- Given data:
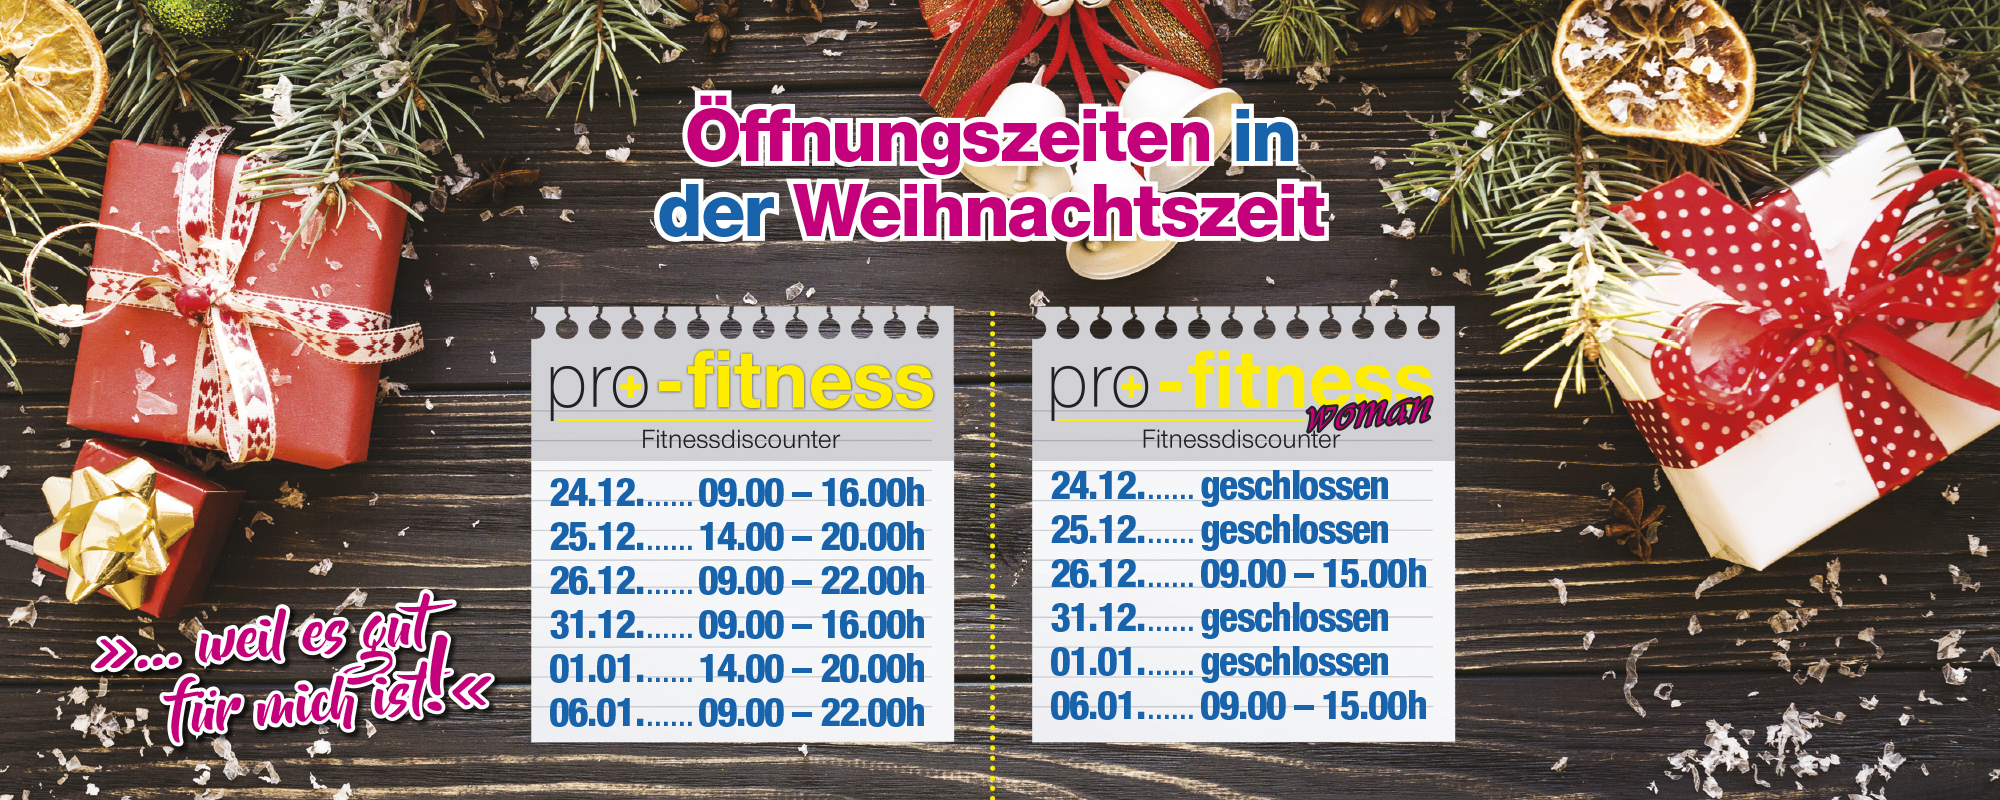 Slider Weihnachtsöffnungszeiten - Pro Fitness
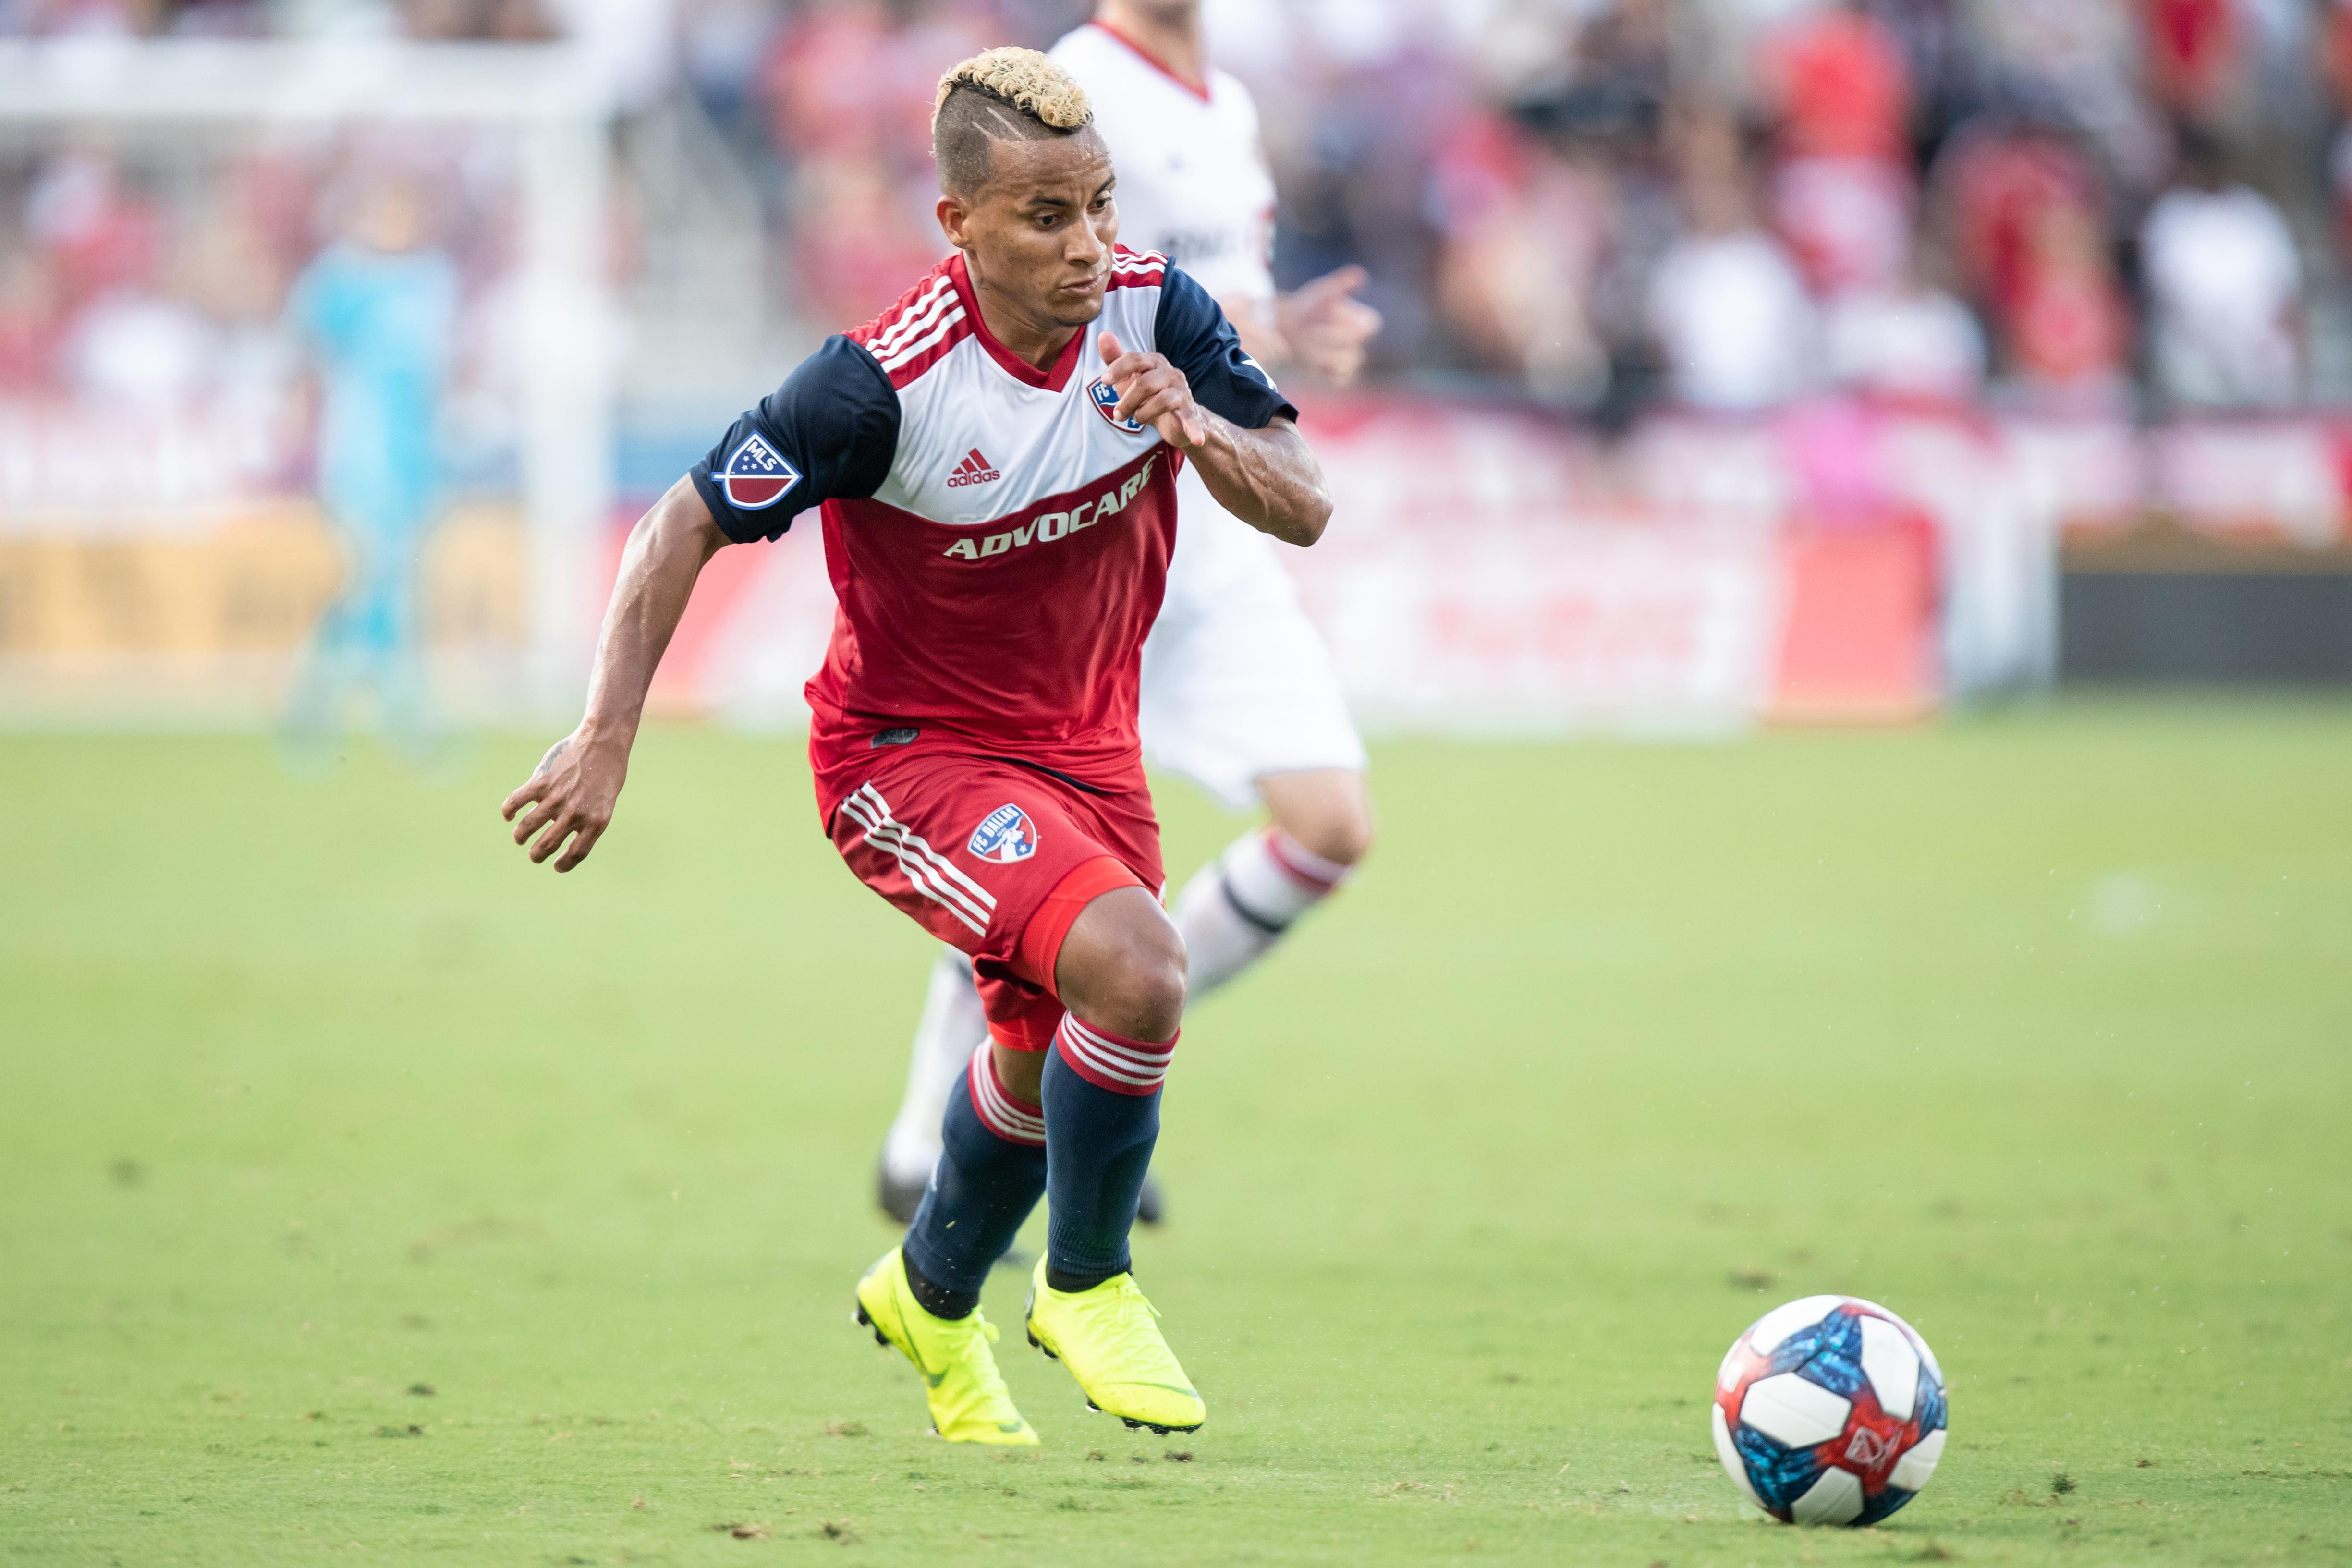 SOCCER: JUN 22 MLS - Toronto at FC Dallas
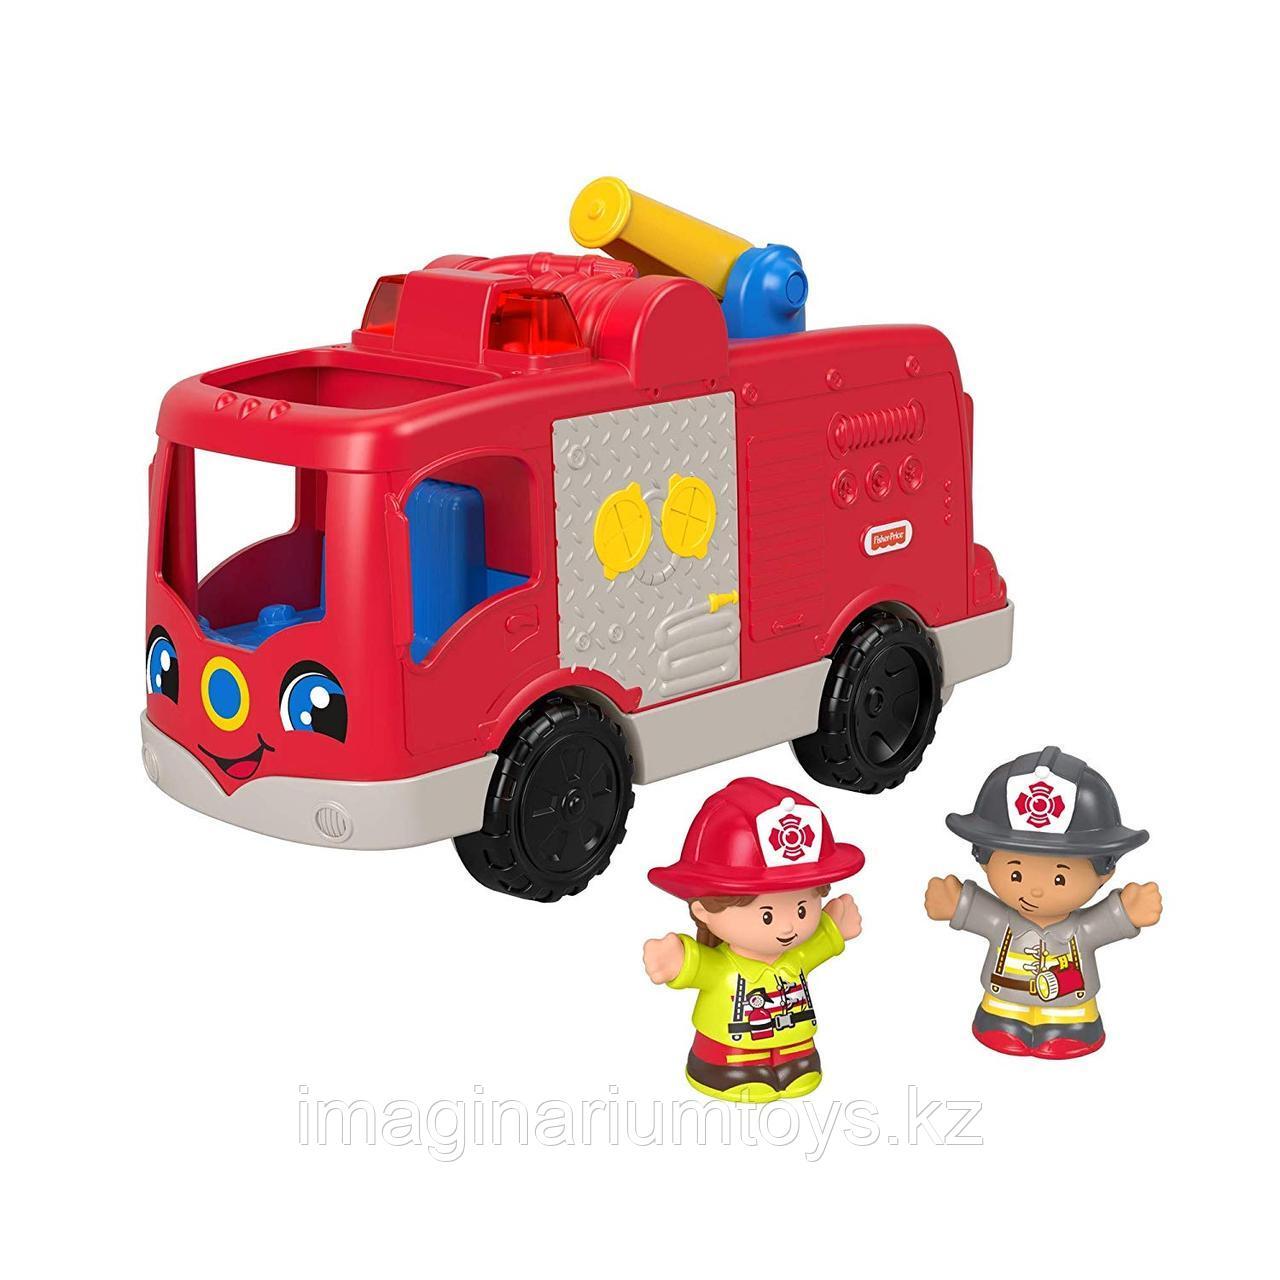 Игрушка для детей «Пожарная машина» со звуком и светом

- Directions:
Hand back the data exactly as it appears, with all pictures cut.

- Result of this task:
 Slider Weihnachtsöffnungszeiten - Pro Fitness
 SOCCER: JUN 22 MLS - Toronto at FC Dallas
 Игрушка для детей «Пожарная машина» со звуком и светом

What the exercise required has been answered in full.